__What the exercise asks__. Write out exactly the lines from the one containing "Кирпичная стена на кухне: материал и дизайн" to the end of the material, both ends included, and nothing else. Leave pictures out.

__Dataset excerpt__.
────
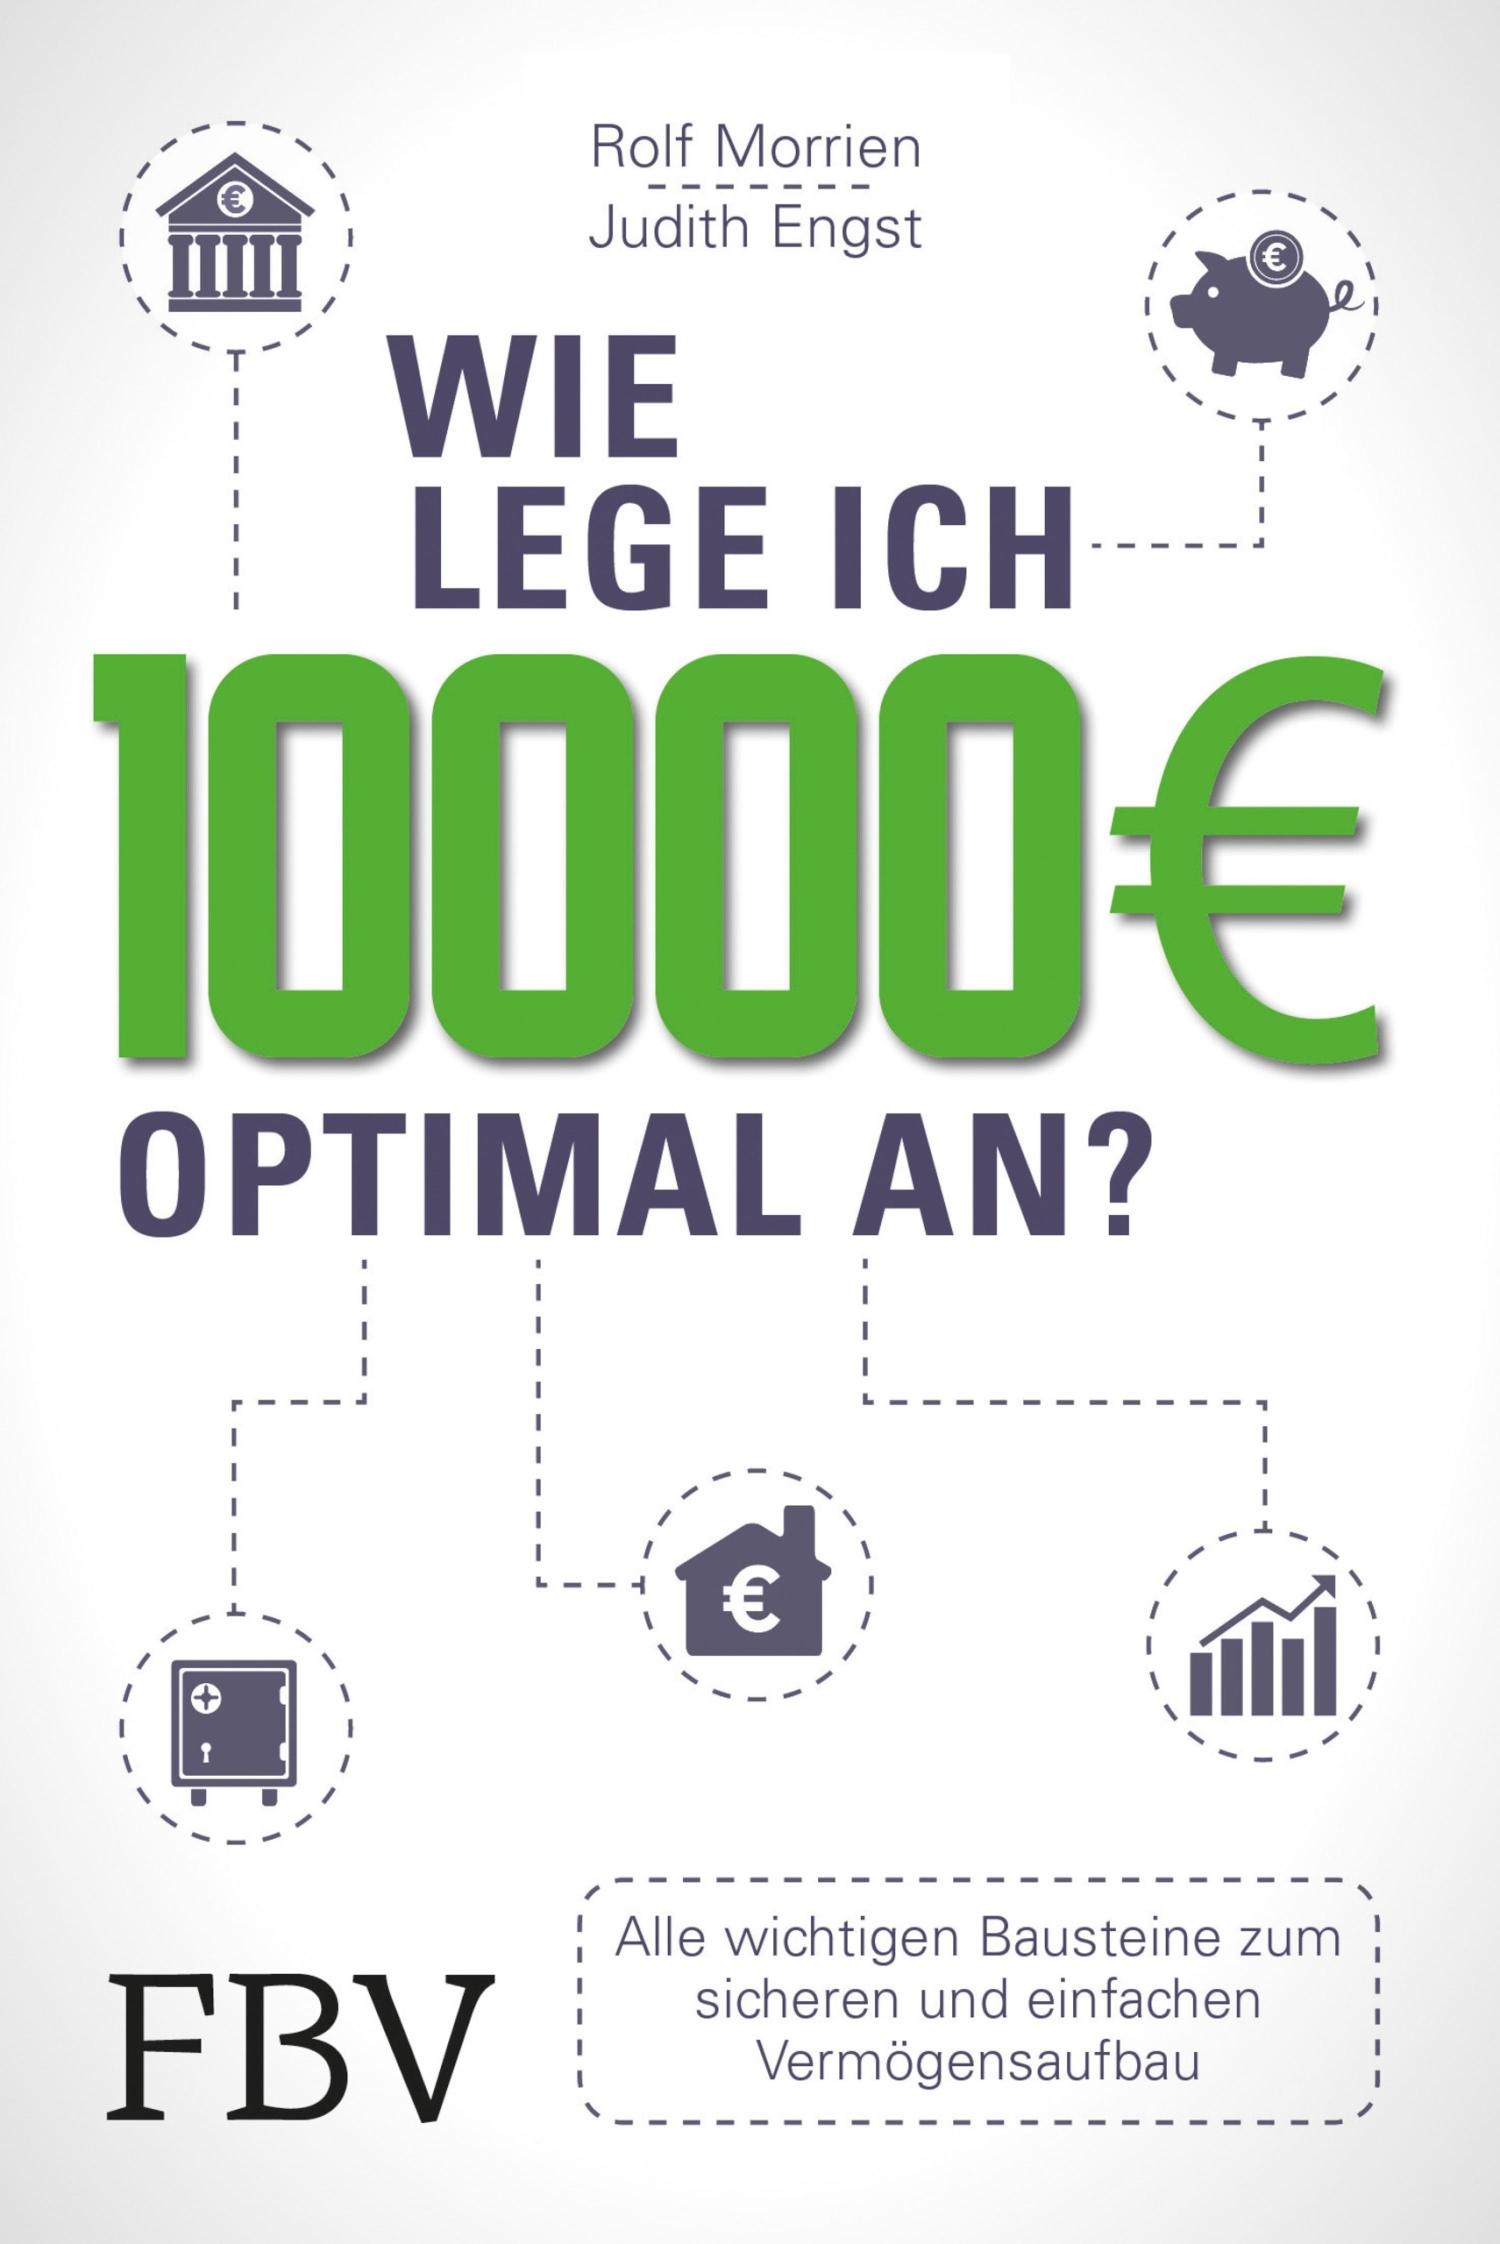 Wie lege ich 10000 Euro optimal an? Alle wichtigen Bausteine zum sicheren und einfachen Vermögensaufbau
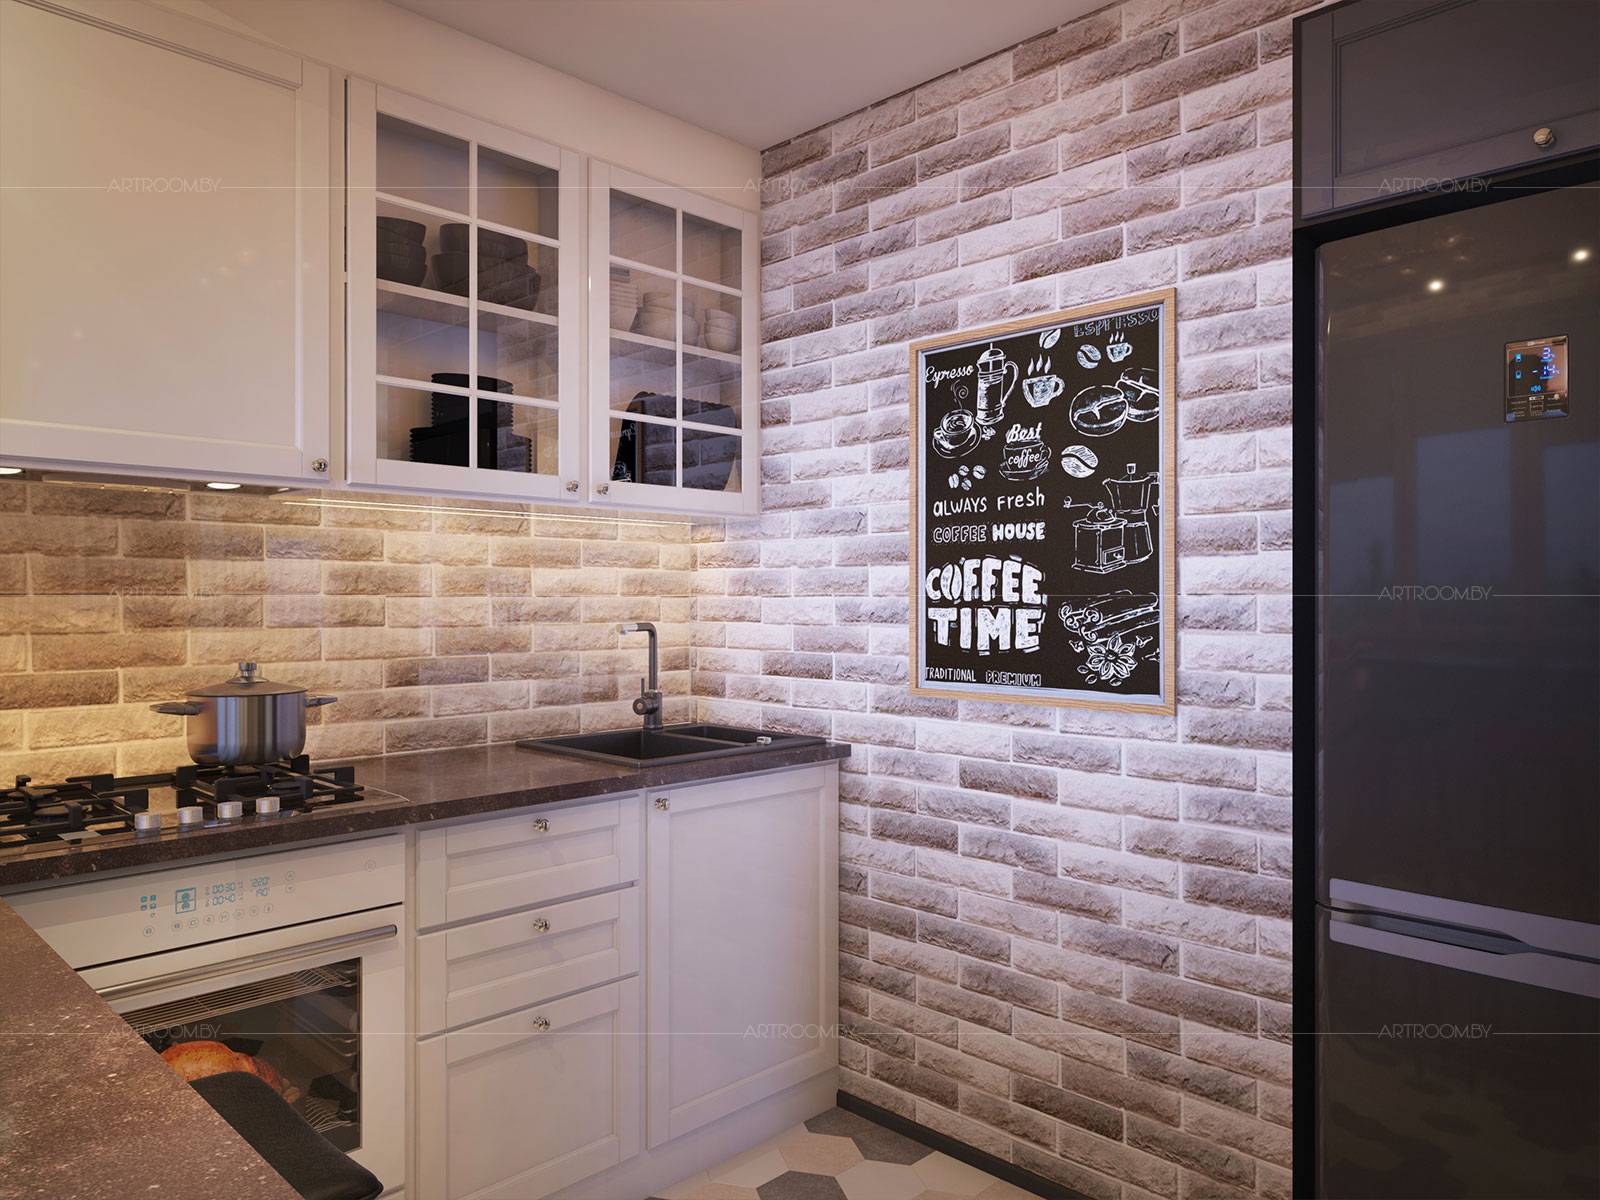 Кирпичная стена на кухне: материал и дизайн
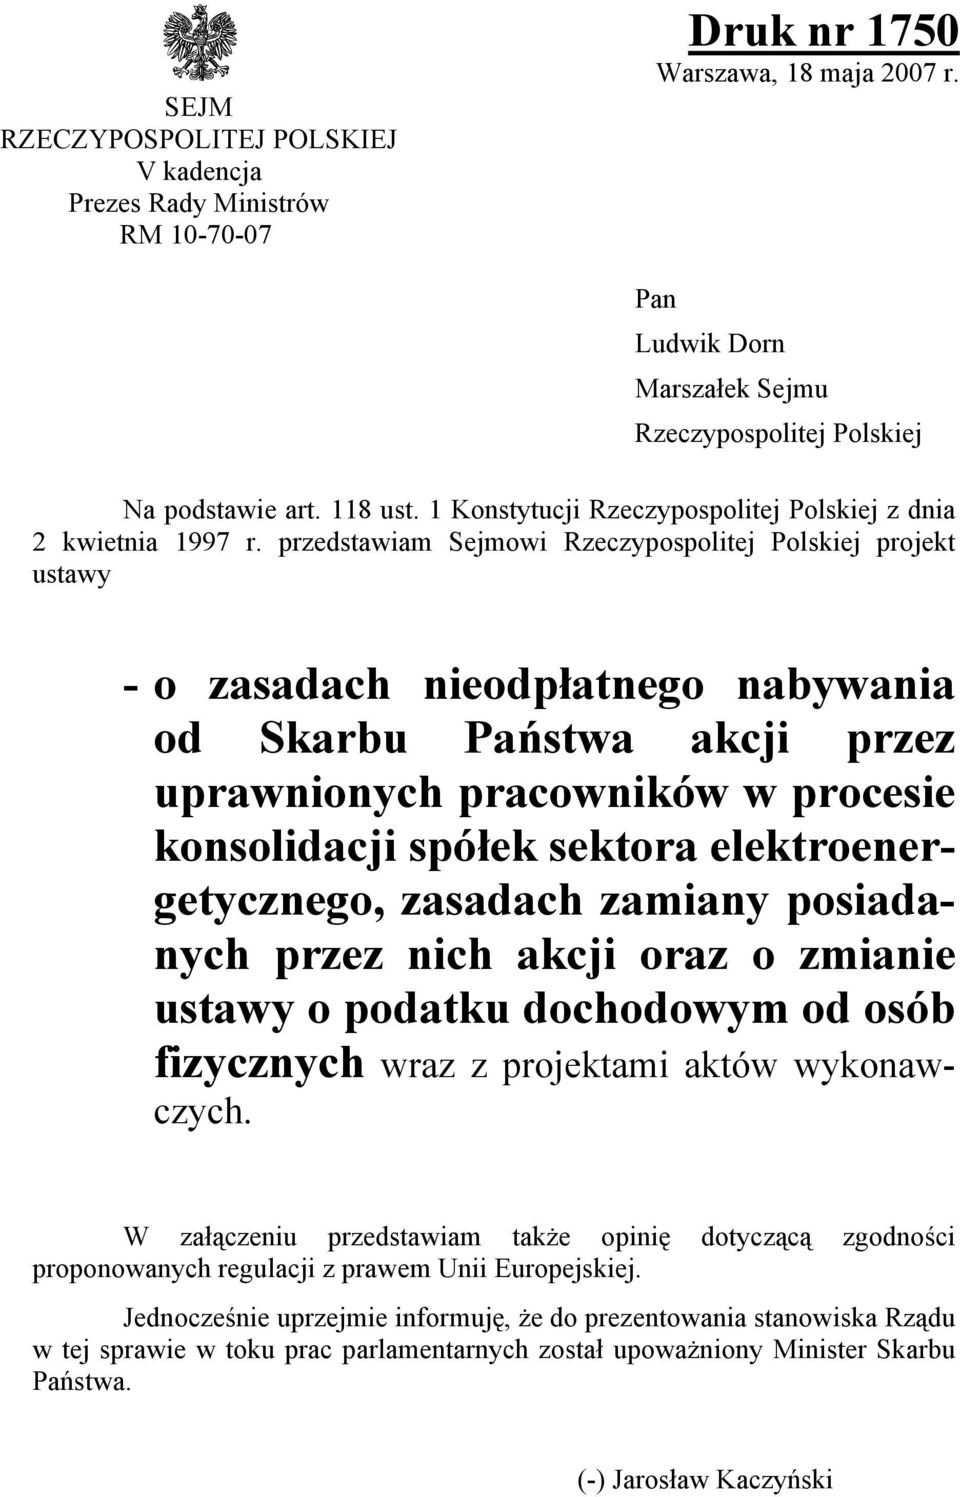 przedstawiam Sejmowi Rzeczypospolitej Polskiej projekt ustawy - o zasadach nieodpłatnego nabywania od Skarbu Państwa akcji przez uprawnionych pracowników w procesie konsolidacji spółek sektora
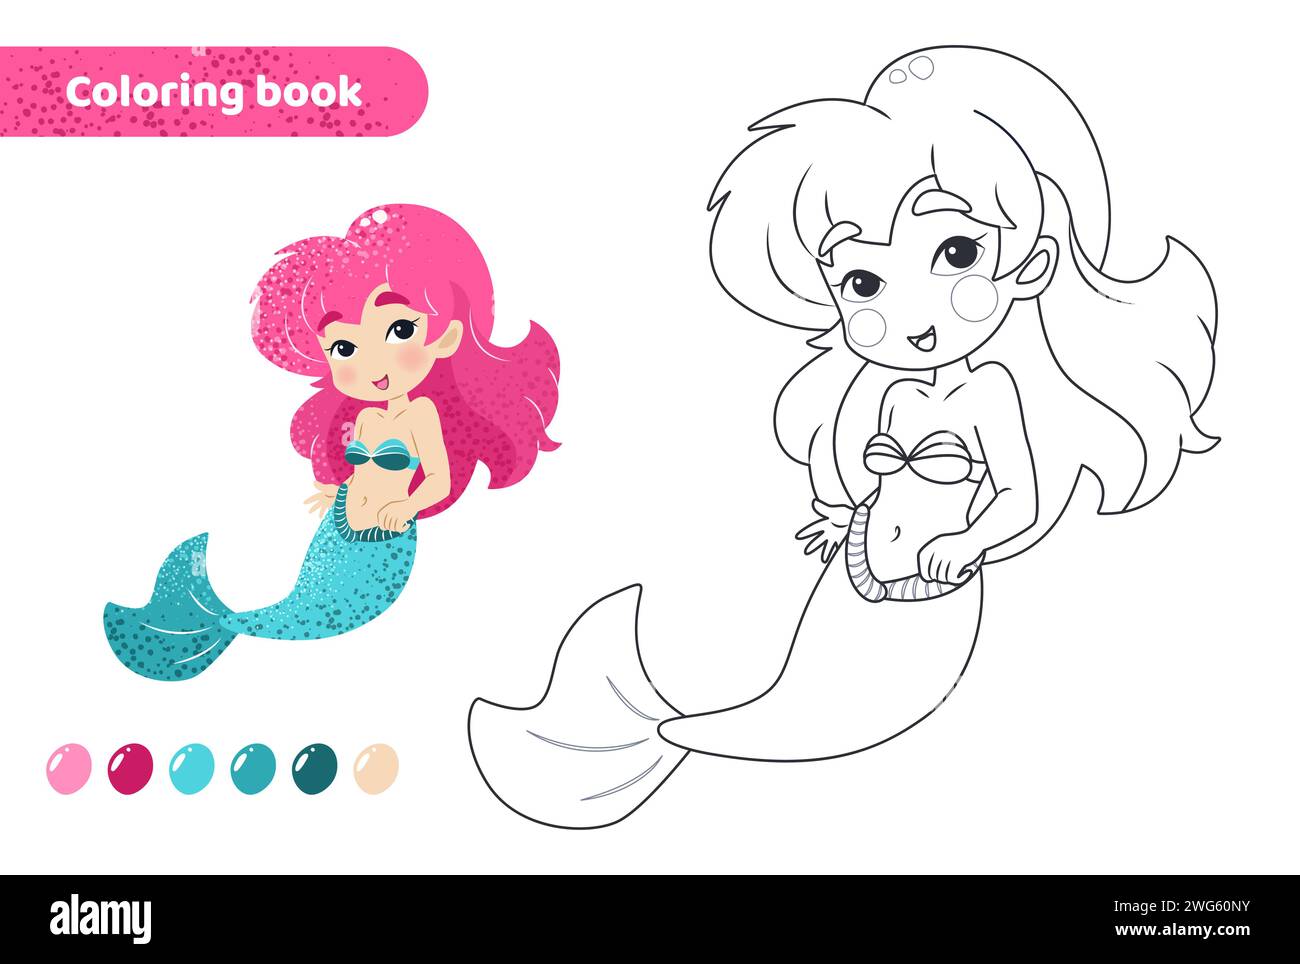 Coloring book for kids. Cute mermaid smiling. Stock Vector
────
__Solution to this exercise__.
 Кирпичная стена на кухне: материал и дизайн
 przedstawiam Sejmowi Rzeczypospolitej Polskiej projekt ustawy - o zasadach nieodpłatnego nabywania od Skarbu Państwa akcji przez uprawnionych pracowników w procesie konsolidacji spółek sektora
 Coloring book for kids. Cute mermaid smiling. Stock Vector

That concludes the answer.